For the sake of this bug, it'll make things a lot easier to diagnose if you don't load any of the part-binary drivers at all. (Note, that even loading them, even if they aren't in use still taints the kernel). T42p's aren't exactly uncommon, so its somewhat unusual that only you seem to be hitting this. The lack of serial port on those is going to make capturing debug info a bit tricky though. Netconsole might be worth a try, just to see if we get a backtrace when the hang occurs. netconsole is fairly trivial to set up if you have a second machine you can log to. If you can't find working instructions on the internet, let me know and I'll write up a quick recipe.
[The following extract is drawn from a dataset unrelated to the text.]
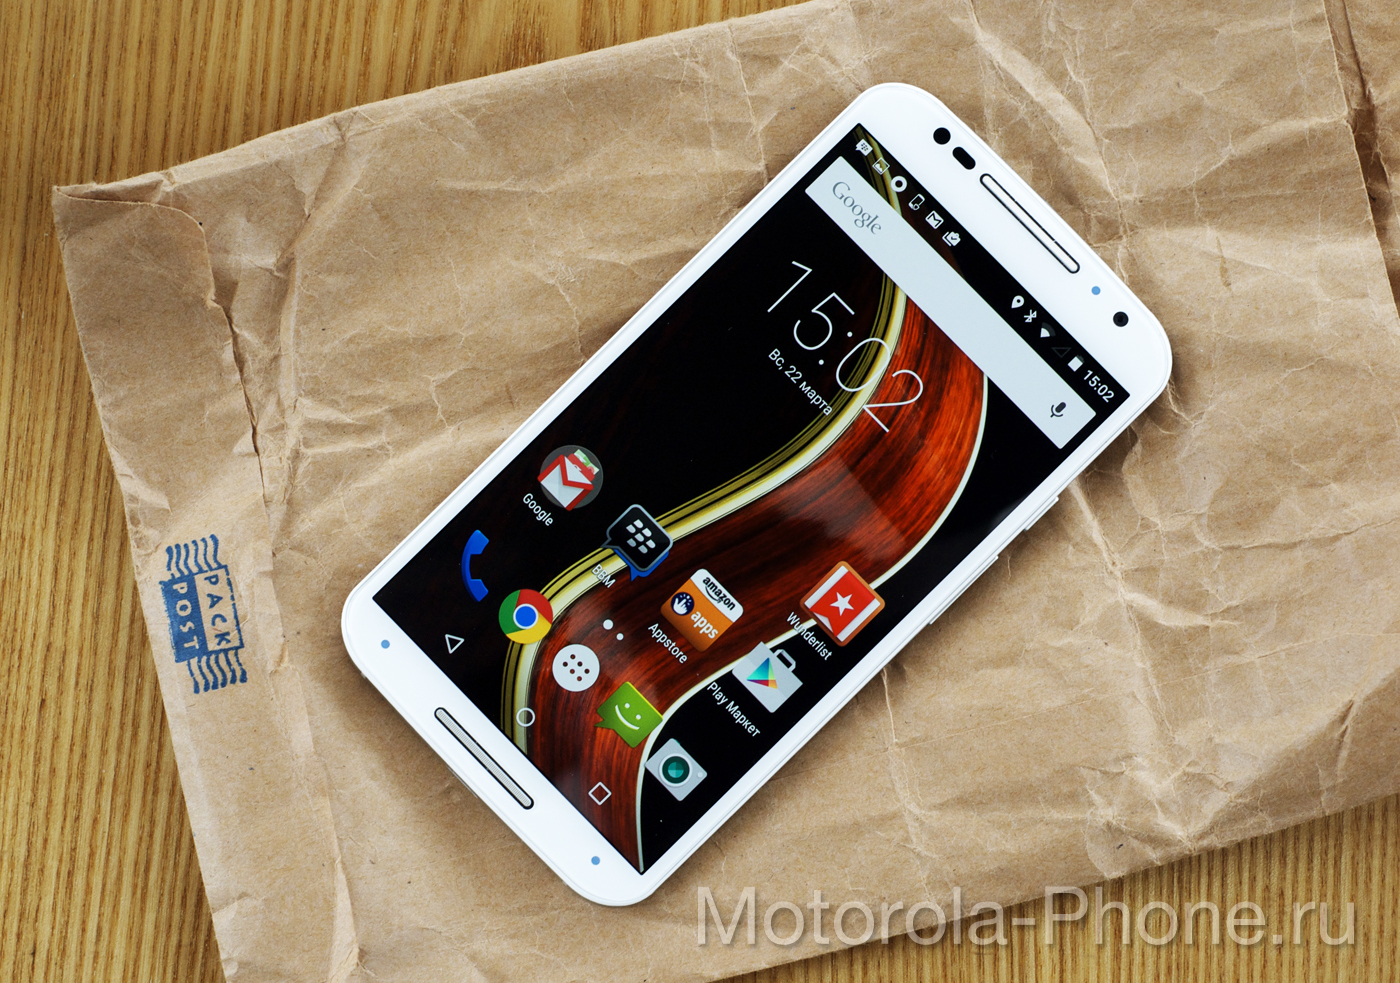 Motorola Moto X Phone

I wish it were reliably reproducible. Sometimes it'll hang multiple times in a day. Sometimes it'll go two weeks between hangs. It does seem to happen more often when I have the cpuspeed daemon installed and running. But I'll try to look at netconsole while I can (in about 3 weeks I'm going to be on the road for two months). (I'll try to keep this as NEEDINFO)
Okay, it just happened again. I had setup netconsole but there was nothing in the remote logs. :(
Created attachment 140602 [details] REPORTING_BUGS information
Fedora Core 5 is no longer maintained. Is this bug still present in Fedora 7 or Fedora 8?
I'm afraid I no longer have that piece of hardware so I don't know.